From oss security: A security flaw was found in the way librdmacm, a userspace RDMA Communication Managment API allowing to specify connections using TCP/IP addresses even though it opens RDMA specific connections, performed binding to the underlying ib_acm service (librdmacm used default port value of 6125 to bind to ib_acm service). An attacker able to run a rogue ib_acm service could use this flaw to make librdmacm applications to use potentially bogus address resolution information. References: https://bugzilla.redhat.com/show_bug.cgi?id=865483 Upstream patch: http://git.openfabrics.org/git?p=~shefty/librdmacm.git;a=commitdiff;h=4b5c1aa734e0e734fc2ba3cd41d0ddf02170af6d Credit: This issue was discovered by Florian Weimer of Red Hat Product Security Team.
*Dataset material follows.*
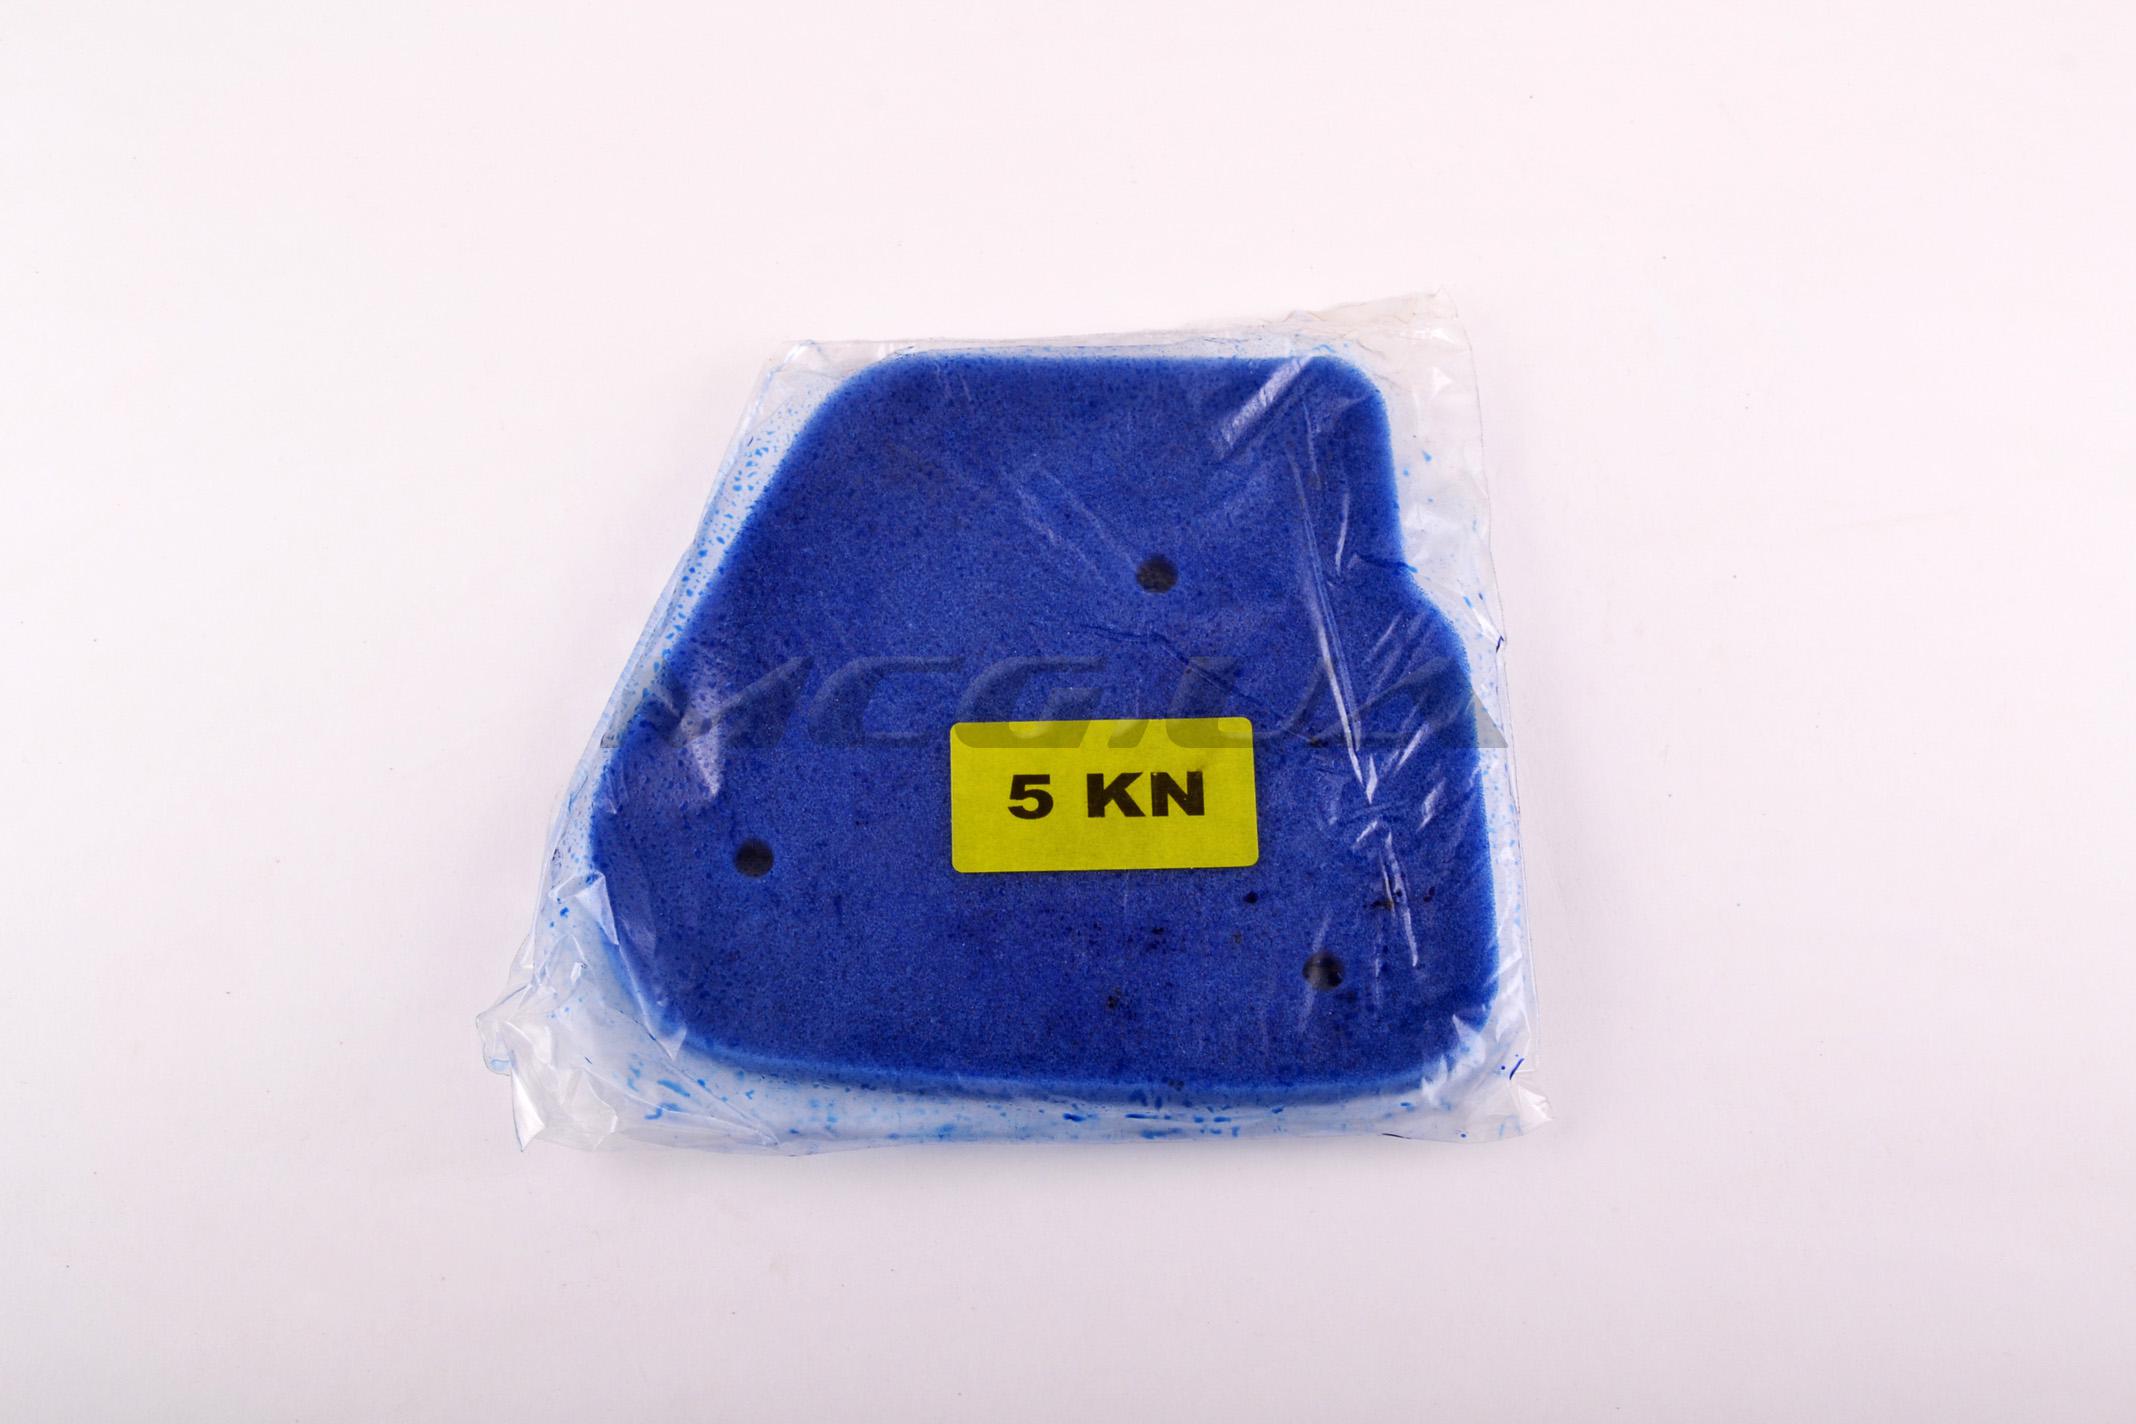 Элемент воздушного фильтра Yamaha JOG 5KN (поролон с пропиткой) (синий)

CVE-2012-4516 (http://nvd.nist.gov/nvd.cfm?cvename=CVE-2012-4516): librdmacm 1.0.16, when ibacm.port is not specified, connects to port 6125, which allows remote attackers to specify the address resolution information for the application via a malicious ib_acm service.
I think there's a bump available, otherwise patch available at http://git.openfabrics.org/git?p=~shefty/ibacm.git;a=commit;h=c7d28b35d64333c262de3ec972c426423dadccf9
@maintainers, please cleanup vulnerable version 1.0.16 in tree. 1.0.18 is already stable. Once cleaned feel free to close this bug. GLSA Vote: No
Maintainer timeout: commit 035a23105ef01cea6cb94b96abb3e666dae547b8 Author: Aaron Bauman <bman@gentoo.org> Date: Tue Mar 29 15:54:30 2016 +0900 sys-infiniband/librdmacm: cleanup vulnerable packages per 438444 Package-Manager: portage-2.2.26
Should have reviewed the package a bit more. Restored. @maintainer, please do a proper cleanup of the package. Thanks.
Old versions removed from tree
(In reply to Alexey Shvetsov from comment #6) > Old versions removed from tree Thanks so much, Alexey!